Это противозаконно, сами понимаете, но надо же как-то выпутываться! В Англии беспокоится семья обвиняемого. А сам обвиняемый настолько пал духом, что, того и гляди, покончит с собой.
Пускай не сердится на меня мой друг судья за то, что я так скверно рассказываю об этом деле, но я вынужден упрощать повествование и немного подтасовывать факты, чтобы меня поняли те, кто живет в тысячах лье от этих мест.
Допрос длится пять, а то и все шесть часов.
– Я приказал разыскать одежду, которая была на тебе в тот вечер. Ее принесут с минуты на минуту.
Тут Боб обнаруживает признаки беспокойства; через полчаса он начинает всхлипывать.
Исповедь его звучит жалобно.

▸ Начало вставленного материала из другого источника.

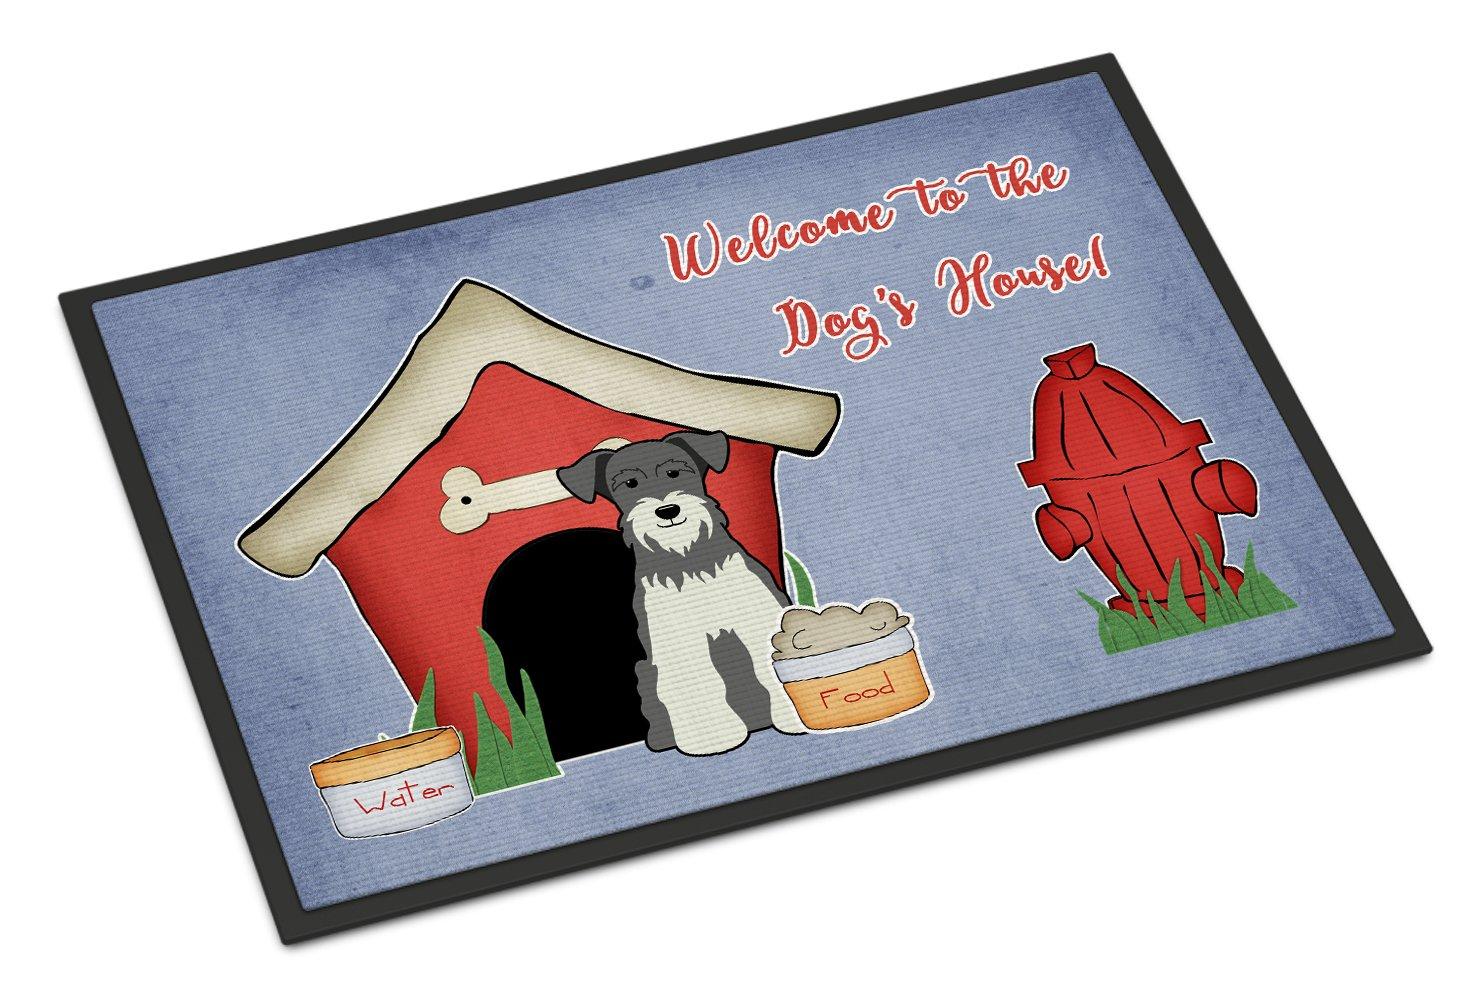 Carolines Treasures Dog House Collection Miniature Schanuzer Salt and Pepper Indoor or Outdoor Mat 18x27 BB2808MAT 18 x 27 Multicolor

На плантации не было других женщин, кроме этой, которая теперь убита; три года Боб желал ее, думал о ней и в конце концов полюбил по-настоящему, а вернее, поддался нерассуждающей, неодолимой и тягостной страсти.
Когда туземка приходила к англичанину, он мучился, ловил малейший звук, изводил себя…

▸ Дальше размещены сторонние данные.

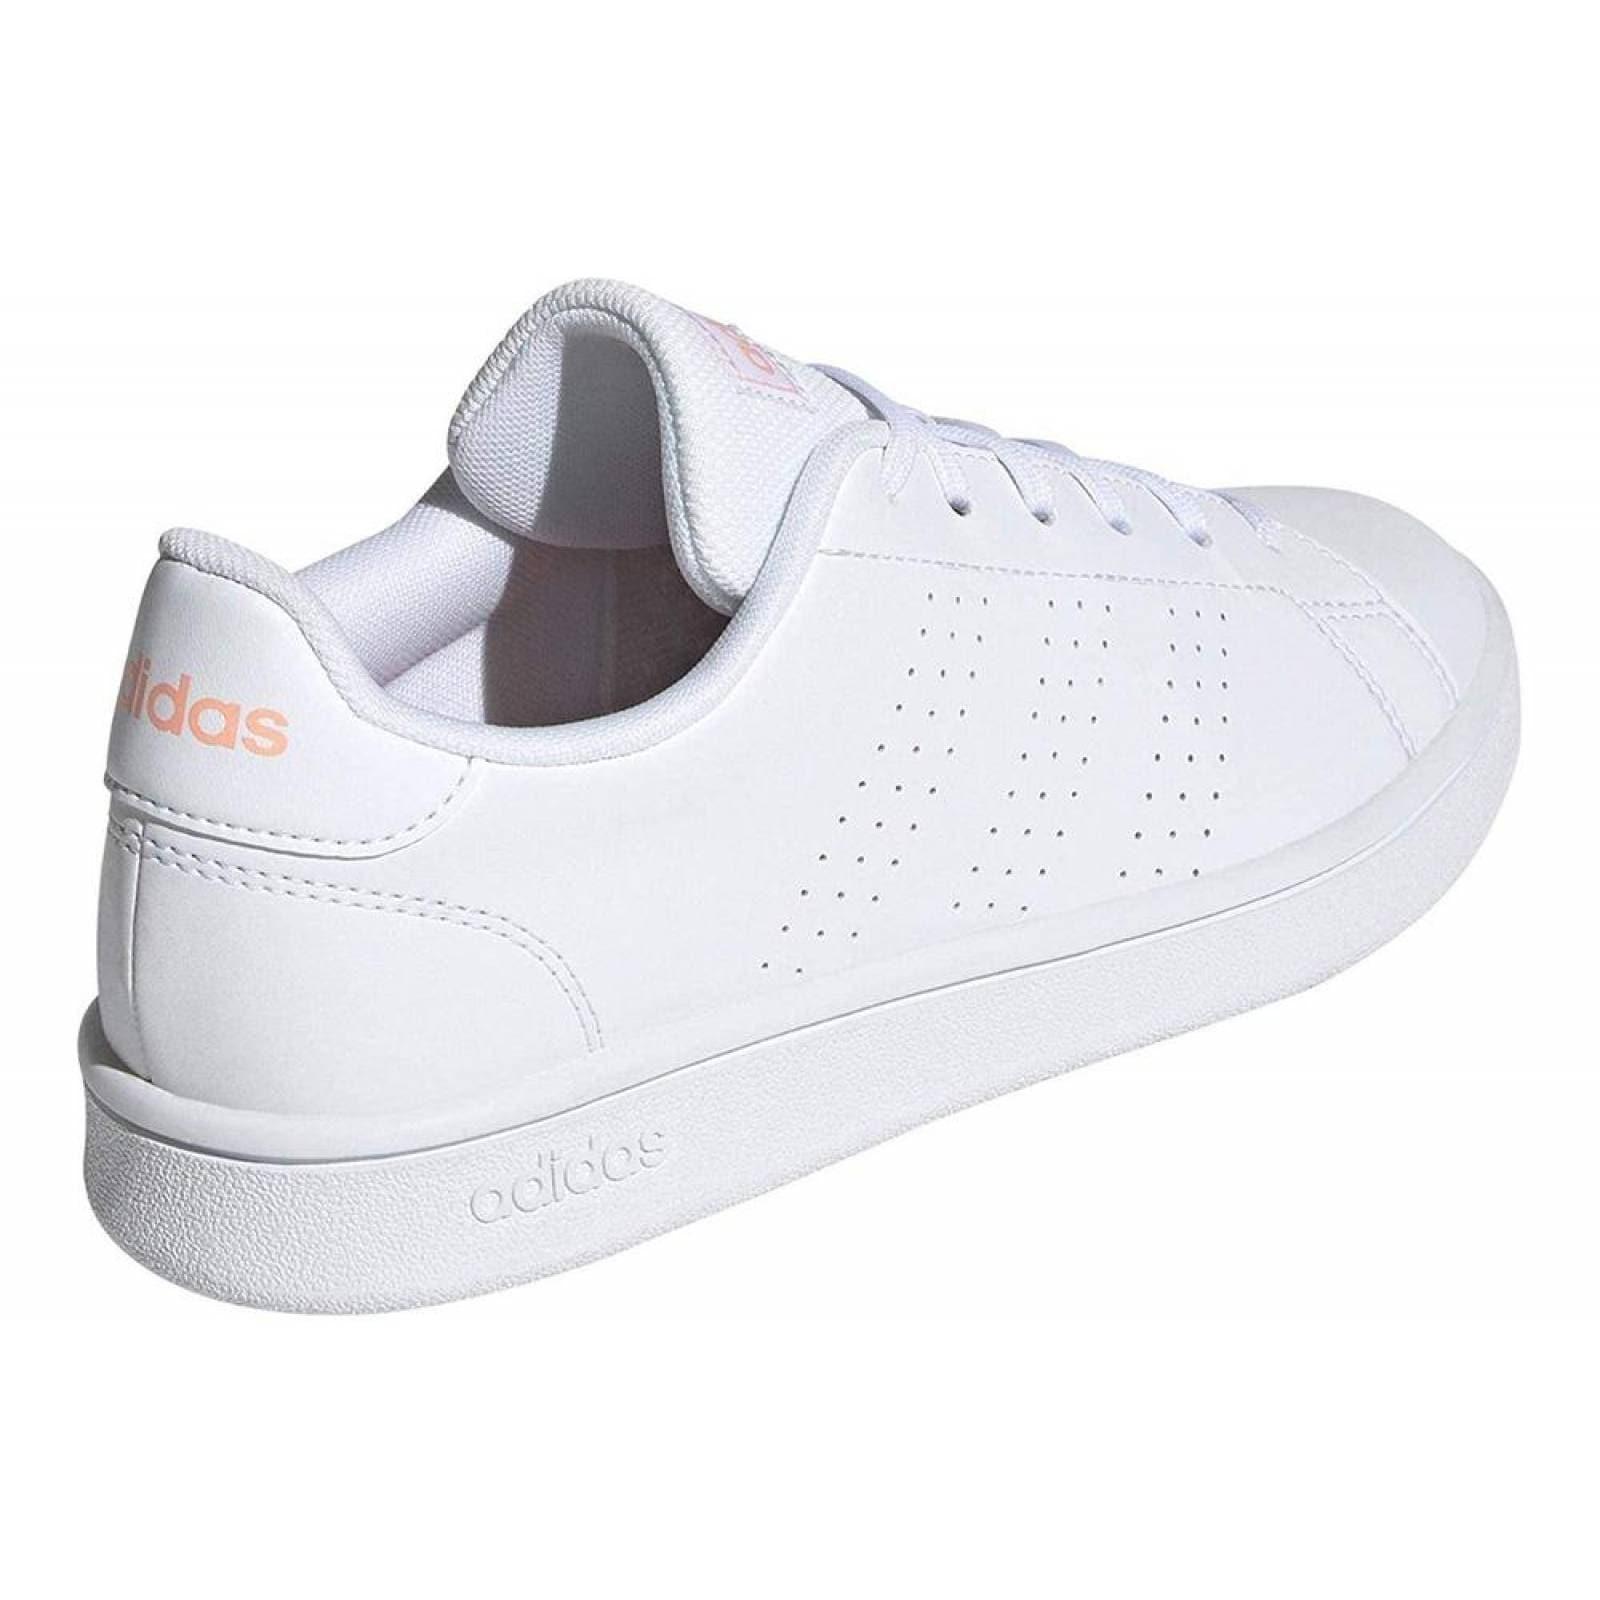 Tenis Adidas Advantage Base EE7510 Blanco Mujer

Будь эта женщина даже прекраснейшим созданием на свете, подобная любовь, похожая на навязчивую идею, на одержимость, едва ли могла вспыхнуть где-нибудь еще, кроме как на этом острове, где ничего и никого нет, где рядом с Бобом только один белый и только одно доступное существо женского пола.
Боб и обожает хозяина, и ненавидит. Боба одолевают чудовищные и восхитительные грезы.

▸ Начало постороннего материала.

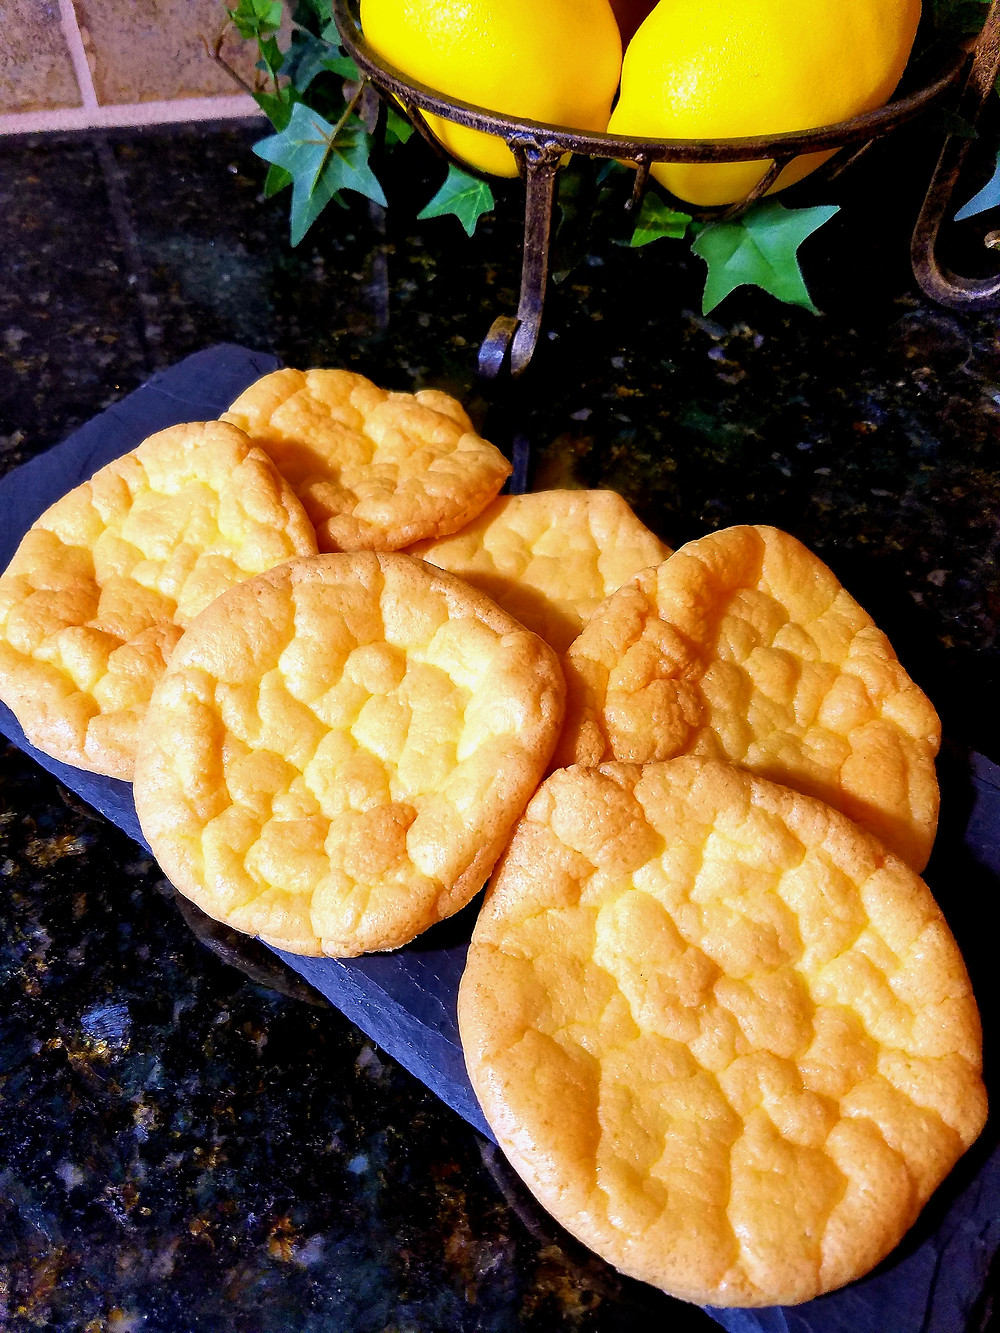 Easy Low-Carb Keto Cloud Bread (Gluten-free, soy-free, dairy-free, grain-free)

Должно быть, эта мартышка его разгадала. Как-никак, она тоже дочь Евы; в тот вечер ее поколотили, она уходит избитая и чувствует, что Боб идет за ней по пятам, она хочет отомстить своему любовнику… Она хочет на ком-нибудь отыграться, хочет потешиться над белым человеком…
И вот она лезет на пальму – для нее это самый обычный поступок, а вместе с тем в нем есть нечто невообразимое: белый карабкается за ней, вместе с ней падает на землю, негритянка отбивается, и он в диком бешенстве душит ее, а после бросает неподвижное тело в зарослях…
Далее последовали вороха бумаг, нескончаемые допросы в душной, как парилка, комнате – и наконец англичанина отпустили; он вернулся к себе на плантацию, где его ждали только предатели-азиаты; любовь его была опозорена и выставлена на всеобщее обозрение.
Он так спешил, что даже не стал продавать свое имущество. Он уехал. Не в Лондон – тамошняя родня обо всем знала, и этого было для него достаточно: он никогда больше их не увидит.
Вероятно, он уехал на другой, еще более отдаленный и унылый остров.
Приговор Бобу еще не вынесен; вероятно, он получит не менее десяти лет тюрьмы.
Выпускник Политехнической школы и слуга-звонок
Реальные пейзажи никогда не совпадают с теми, которые мы себе вообразили, то же относится и к реальным драмам; объясняется это, быть может, тем, что, поддаваясь воображению, мы не учитываем одного неодолимого фактора – повседневности, которая настигает нас и на другом конце земли, не щадит в самые волнующие минуты жизни.
Я готов поклясться, что приблизительно такие мысли бродили в тот день в голове у Жоли. Не прошло еще и суток с тех пор, как он высадился в небольшом населенном пункте на побережье, и вот уже Африка казалась ему унылой и однообразной.
В сущности, что он видел? Ожидая назначения, он поселился в железобетонном здании гостиницы, где имелся настольный теннис да музыкальная машина. То, что именовалось здесь городом, представляло собой одну-единственную длинную улицу, по обе стороны которой торчали пальмы да лавчонки, где торговали всякой всячиной – велосипедами, ламповыми стеклами, датским маслом в пачках.
Что еще? Его приняли в клуб, как две капли воды похожий на офицерские клубы. Президентом клуба был некий доктор; он рассказывал случаи из практики, и по его словам выходило, что разрезать пациенту живот ничуть не сложней, чем съесть ананас.
С Жоли обходились вежливо, быть может, с легким оттенком иронии, проистекавшей от зависти – ведь он окончил Политехническую школу и сразу после выпуска был назначен главным инженером общества, которое прокладывало в джунглях железную дорогу.
Воистину, повсюду все одно и то же! И лишь одна деталь с самого начала обеда не дает покоя нашему инженеру. За столом прислуживают слуги-туземцы в нарядных белых куртках. Однако рядом с лекарем, восседающим во главе стола, стоит туземец с обнаженным торсом, демонстрируя роскошную пупочную грыжу. Стоит и ничего не делает. Время от времени доктор нажимает на грыжу указательным пальцем, и живот слуги немедля издает звук, похожий на звук электрического звонка.